**Dataset content**.
**********

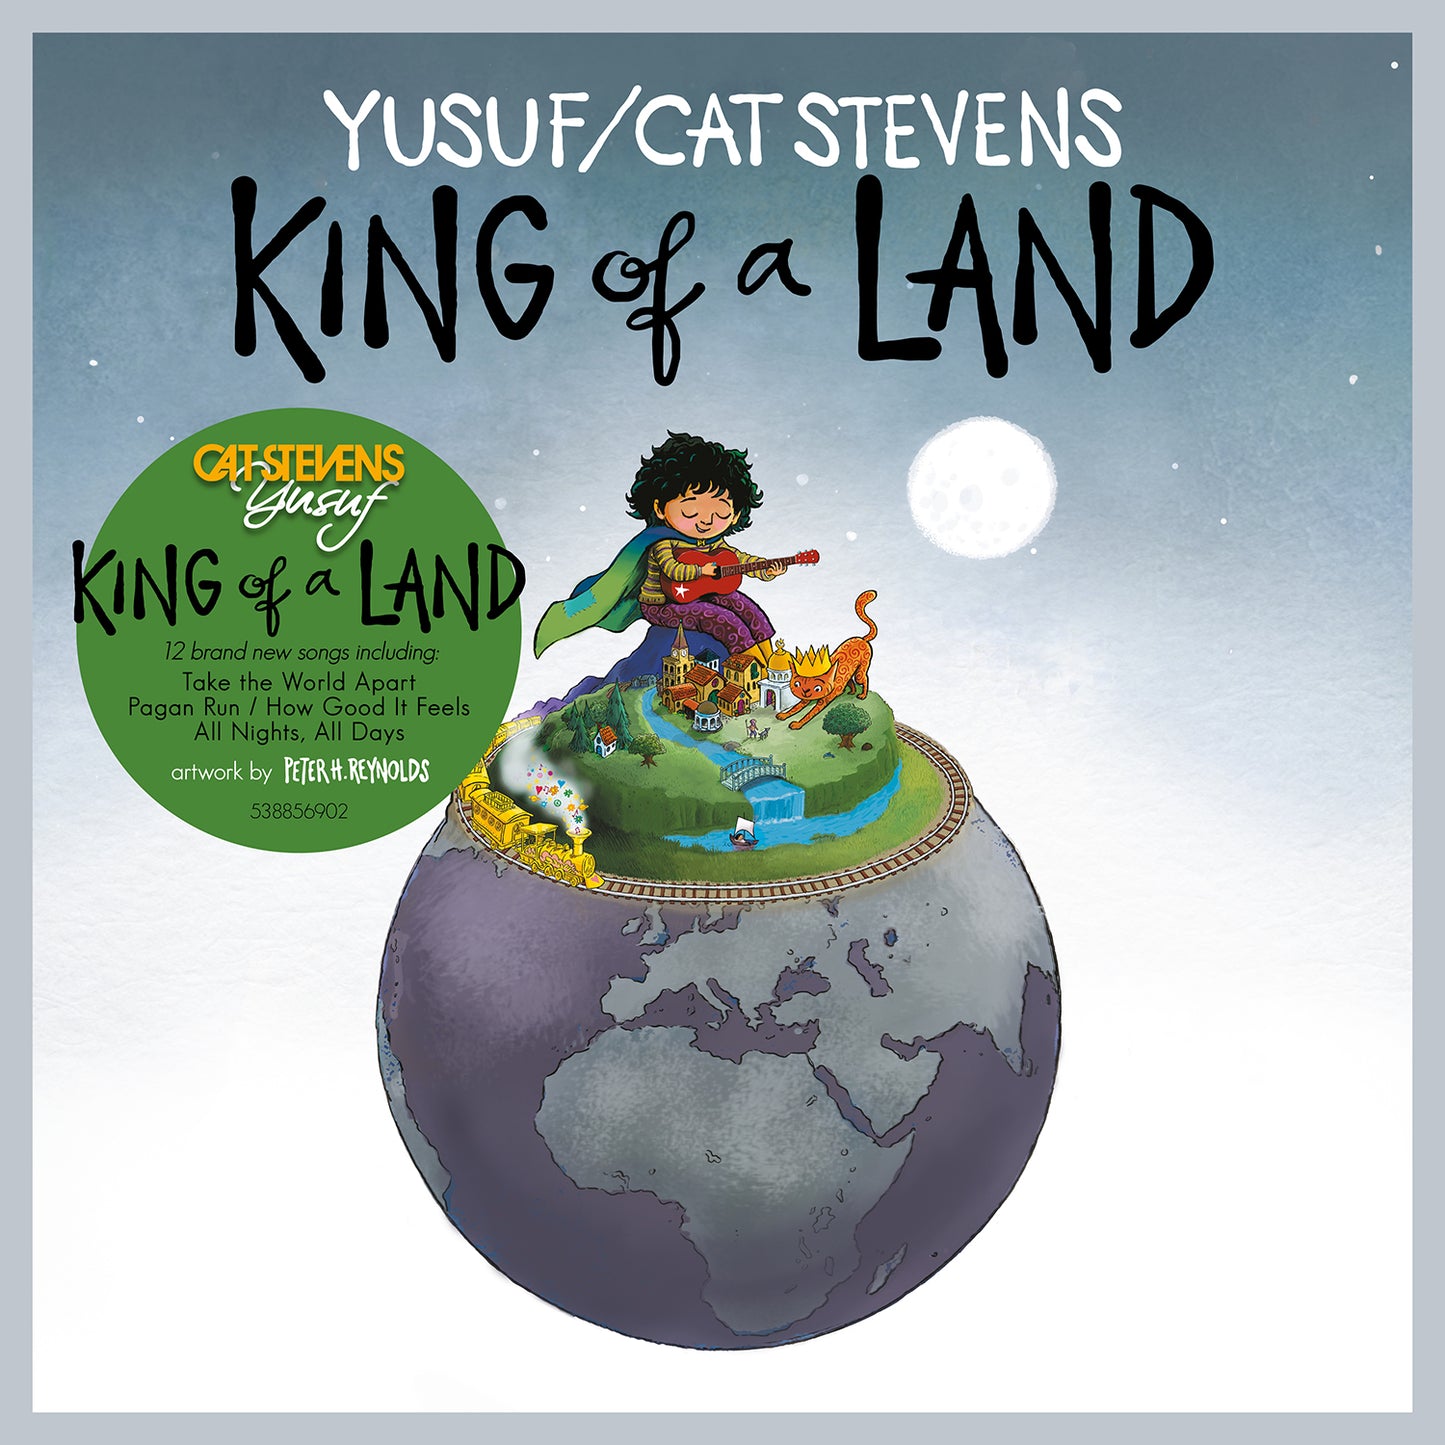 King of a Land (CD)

**********

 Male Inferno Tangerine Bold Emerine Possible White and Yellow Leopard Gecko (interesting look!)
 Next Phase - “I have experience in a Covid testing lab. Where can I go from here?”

**********

**What you should do**.
Taking the lines above, repeat exactly those from the line that contains "Male Inferno Tangerine" through the line that contains "have experience in", and both of those lines as well. Include nothing else.

**Solution to this task**.
 Male Inferno Tangerine Bold Emerine Possible White and Yellow Leopard Gecko (interesting look!)
 Next Phase - “I have experience in a Covid testing lab. Where can I go from here?”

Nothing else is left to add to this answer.